Princeton University

School of Engineering & Applied Science

First Principles Evaluation of Nickel Oxide and Other Materials for Solar Energy Conversion

Nima Alidoust
Engineering Quadrangle, J401
Thursday, July 30, 2015 - 9:00am to 10:30am

Global climate change and pollution caused by fossil fuels necessitate the search for inexpensive, renewable energy sources. Devices that convert solar energy to fuels and electricity are among the possible solutions to this challenge. Engineering efficient devices for this purpose requires fundamental understanding of the materials involved, identification of ways to improve these materials, and discovery of new materials that could help achieve higher efficiencies and lower costs. The work presented in this dissertation contributes to these fronts via quantum mechanical calculations.In particular, we study nickel oxide (NiO), an inexpensive semiconductor, with favorable properties to enhance solar energy conversion efficiency. We identify and devise various theoretical models that accurately describe NiO’s properties. We use these models to show that alloying NiO with Li2O could make NiO a better light absorber, rendering it more appropriate for use in various solar energy conversion devices.
We study how efficiently holes (empty energy levels resulting from electron excitation upon light absorption) move through the crystal structure in NiO and NiO alloys. We show that the efficiency of hole movement in NiO can be enhanced by alloying NiO with Li2O at high enough concentrations. This makes NiO alloys with Li2O suitable for use as hole conductors. We also find that hole transport in NiO is confined to two dimensions.

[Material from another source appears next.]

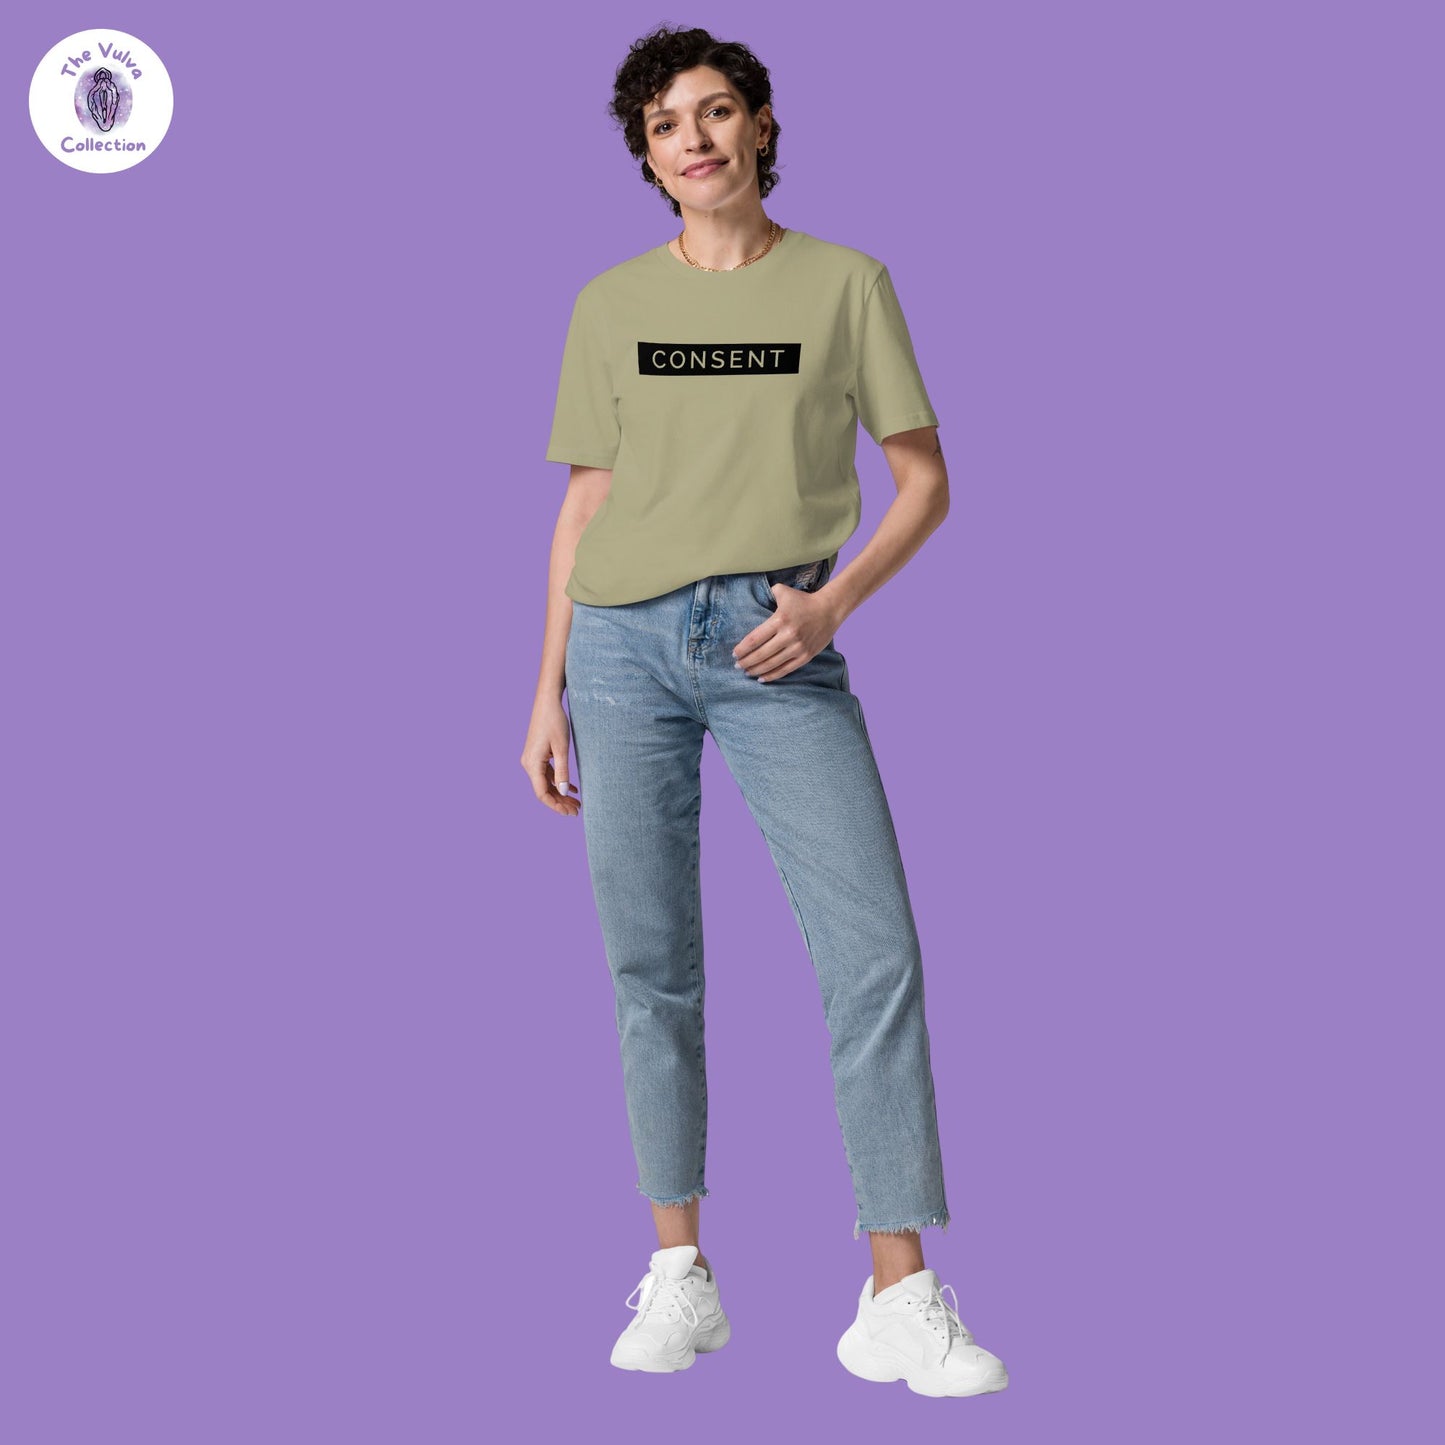 Consent is Simple Unisex Fit Organic T-Shirt

We predict that alloying NiO with MgO or ZnO leads to formation of semiconductors that like NiO are transparent to visible light. However, forming these alloys leads to three-dimensional hole transport, thereby increasing the efficiency of hole movement in NiO. This makes NiO alloys with MgO or ZnO suitable for use as transparent conducting oxides, components used in many solar energy conversion devices.
We introduce CoO and Co0.25Ni0.75O alloy as new intermediate band semiconductors (IBSCs), capable of absorbing light across multiple band gaps and enhancing light absorption in IBSC-based solar cells. Finally, we investigate the spatial concentration of hole and electron states in methylammonium (MA) lead iodide, a promising material for photovoltaic devices. We show that some orientations of the MA ion in the crystal structure may lead to spatial separation between hole and electron states. However, this separation is unlikely to impact the efficiency of MAPbI3 solar devices.